Canada’s bank regulator plans to better protect the country’s financial system by limiting how much homeowners can borrow against the value of their homes.
The main target for the Office of the Superintendent of Financial Institutions is the popular readvanceable mortgage, or combined loan plan (CLP), in which a traditional mortgage is combined with a line of credit that increases in size as a customer pays down mortgage principal.
For months, the regulator has called out highly leveraged CLP borrowers for creating vulnerabilities for the financial system. The regulator considers borrowers risky if they owe their lender more than 65 per cent of the value of the home, also known as a loan-to-value (LTV) ratio.
The ratio is a key metric used to assess risk in the financial system, and an LTV above the threshold represents a level of indebtedness that could pose problems for lenders.
OSFI said the most significant concern with the CLPs is when a borrower’s home equity line of credit, or HELOC, continues to grow when the borrower’s LTV is above 65 per cent.
“Products structured in this way could lead to greater persistence of outstanding balances and increase risks to lenders and households,” OSFI said in a news release announcing the changes.
Under current rules, as soon as borrowers make a mortgage principal payment, they can immediately reborrow the same amount from their HELOC, and that HELOC can increase to as much as 65 per cent of the value of the home.

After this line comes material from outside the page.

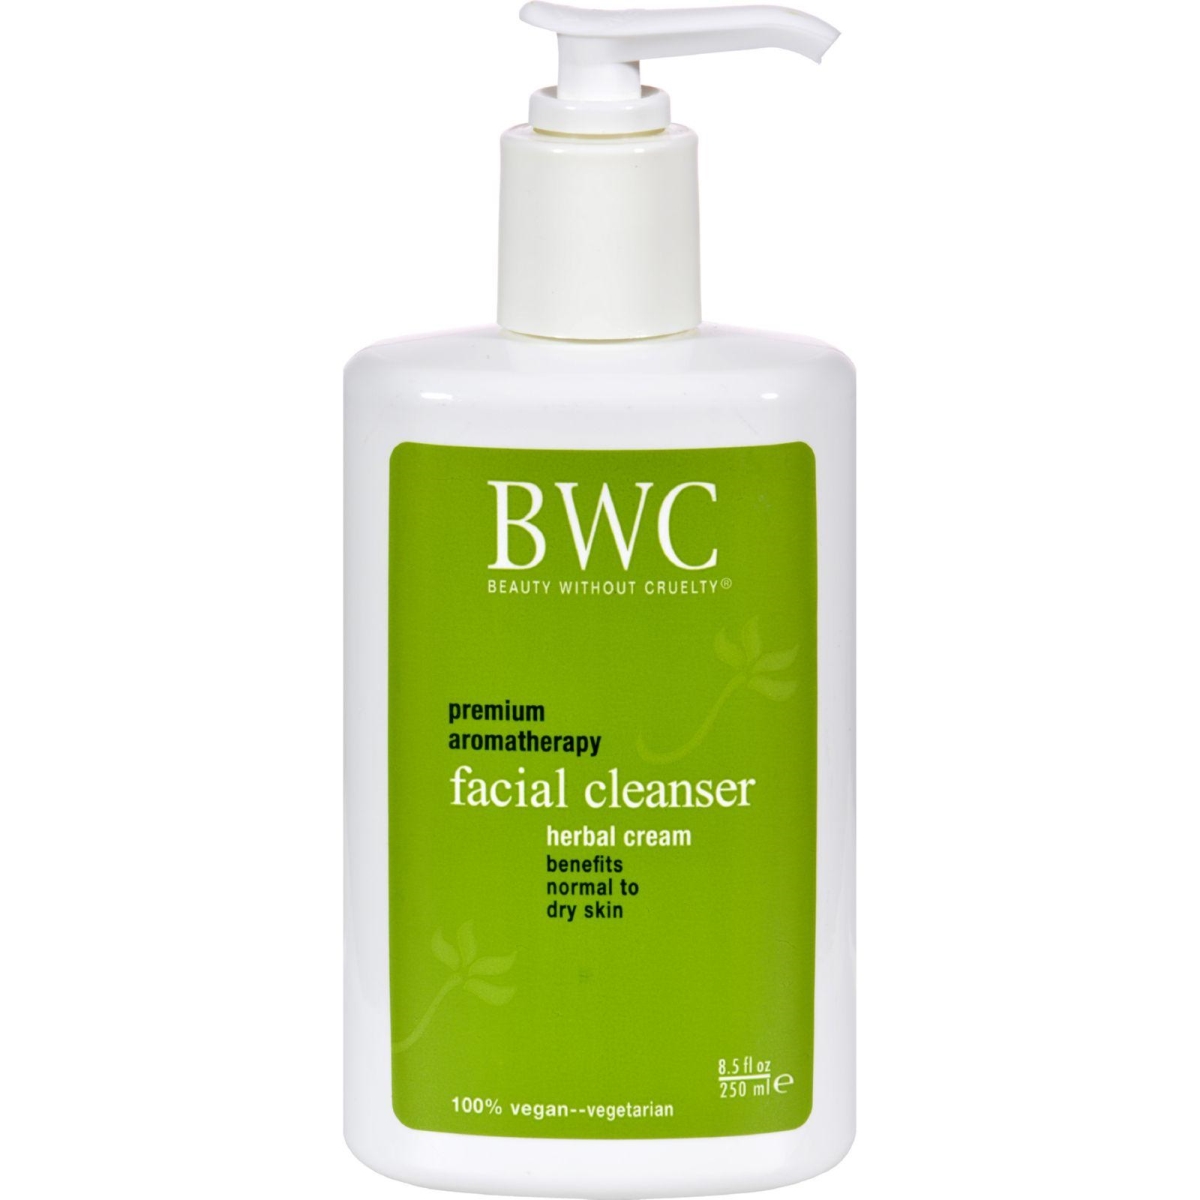 Hg0536649 8.5 Fl Oz Facial Cleanser Herbal Cream

The entire loan cannot exceed an LTV of 80 per cent.
OSFI’s new rule for readvanceable mortgages will not allow that reborrowing unless the entire mortgage has an LTV ratio below 65 per cent. That means that when borrowers pay down the mortgage principal, they may not be able to reborrow that amount immediately.
The mortgage industry said the changes would have little to no impact on the financial system, given that most lenders are already limiting borrowers once they reach the 65 per cent threshold.
“Today’s advisory seems to be an announcement of the way things are already generally being done at those financial institutions OSFI regulates – a public announcement of an existing best practice,” said J.P. Boutros, director of government relations at mortgage lobby group Mortgage Professionals Canada.
Rob McLister, a mortgage strategist, said any benefits to the financial system will be “virtually imperceptible.”
“The maximum loan-to-value on the revolving portion has long been 65 per cent and that’s not changing,” he said. “If someone wants to blow their brains out, max out their HELOC to 65 per cent LTV and make interest-only payments till infinity, they can still do that.”
The new rules will take effect after the next fiscal year for lenders, either in October or December of 2023, and will only apply when a borrower renews their mortgage. If home prices decline significantly, that would lead to a deterioration in a borrower’s property value and LTV ratio.
As of the end of the first quarter of this year, combined-loan products had a total value of $737-billion, according to Bank of Canada data. That accounted for 42 per cent of all residential secured lending. Highly leveraged CLP borrowers accounted for 11.5 per cent of all residential-secured lending.
OSFI also said it will boost lending requirements for mortgages with shared equity features, and for reverse mortgages.